Fans should expect regression from each player as the league adjusts. That is only natural. But the hope is that the players also adjust, staying one step ahead of the league, continuing on their quest to reach their own ceilings as a baseball players.

Patience of the fans will continue

When the NBA’s local Philadelphia 76ers traded guard Jrue Holiday in 2013, it signaled the complete tear down of the roster in hopes that the plan that has come to be known as “The Process” would lead to championship basketball making a return to the city.

In the years since, as loss upon loss has piled up, many people have begun to lose faith in that “Process” with our Sixers. One of the problems, I believe, is that management has never come out and said what they were doing. More educated fans have been able to ascertain what is happening through the various trades and player releases that have occurred. But still, Sixers management has never fully and publicly explained what they are doing.

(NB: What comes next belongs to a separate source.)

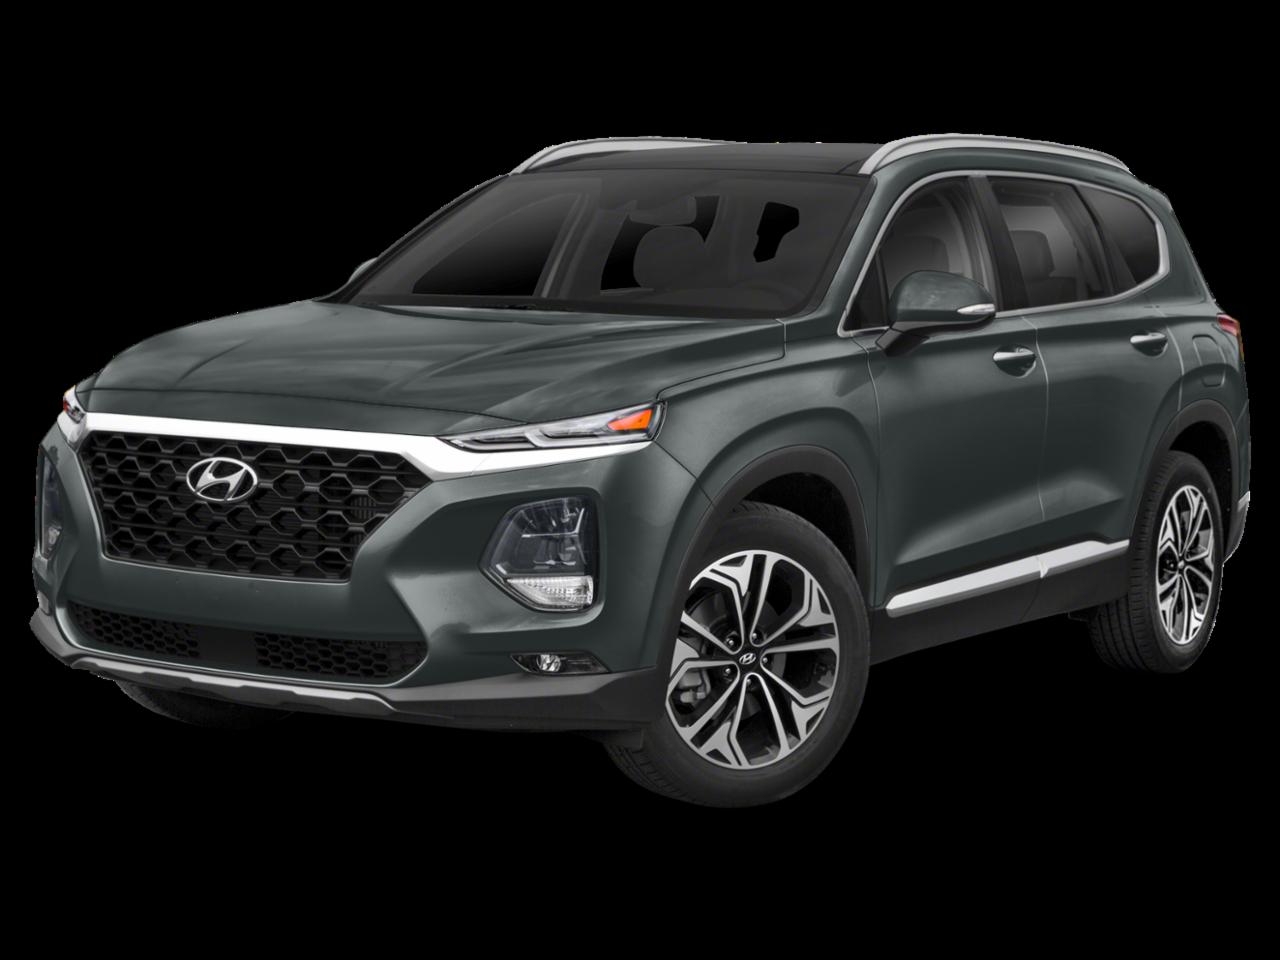 Hyundai 2020 Santa Fe Limited

In comparison, credit belongs to the Phillies. They have been transparent in what needed to be done to their own roster. Even when Ruben Amaro Jr. was still general manager, he never shied away from the fact that once he started to trade veterans, it was to “rebuild” the team for a better future.

The new people in charge of baseball decisions have consistently said the same as well, which means that fans have been made and kept aware of the team’s intentions. So what would help? The fans themselves need to remain patient and trust that the front office has a plan and will intelligently execute it to the fullest.

Will it translate to wins? Recent MLB history suggests it should. The Chicago Cubs and Houston Astros each had top-tier farm systems heading into 2015, with young talent in the big leagues, and each made the playoffs.

The Kansas City Royals had an entire group come up together that eventually led to a World Series championship in 2015. Even the Twins experienced a winning season this year with young talent that had been growing in the minors leading the way.

In other words, there is precedent for teams with a strong farm system to win, and win consistently. Fans just need to hang in there a couple more years, especially with what is expected to be another long, losing season looming. Just stick with them – there is a real plan based on proven principles.

These are my hopes, my Phillies “resolutions” for the new year. Watching as they unfold will help get me get through the season to come. Hopefully whatever it is that you would reasonably like to see happen also leads to success at Citizens Bank Park as well. See you in 2016!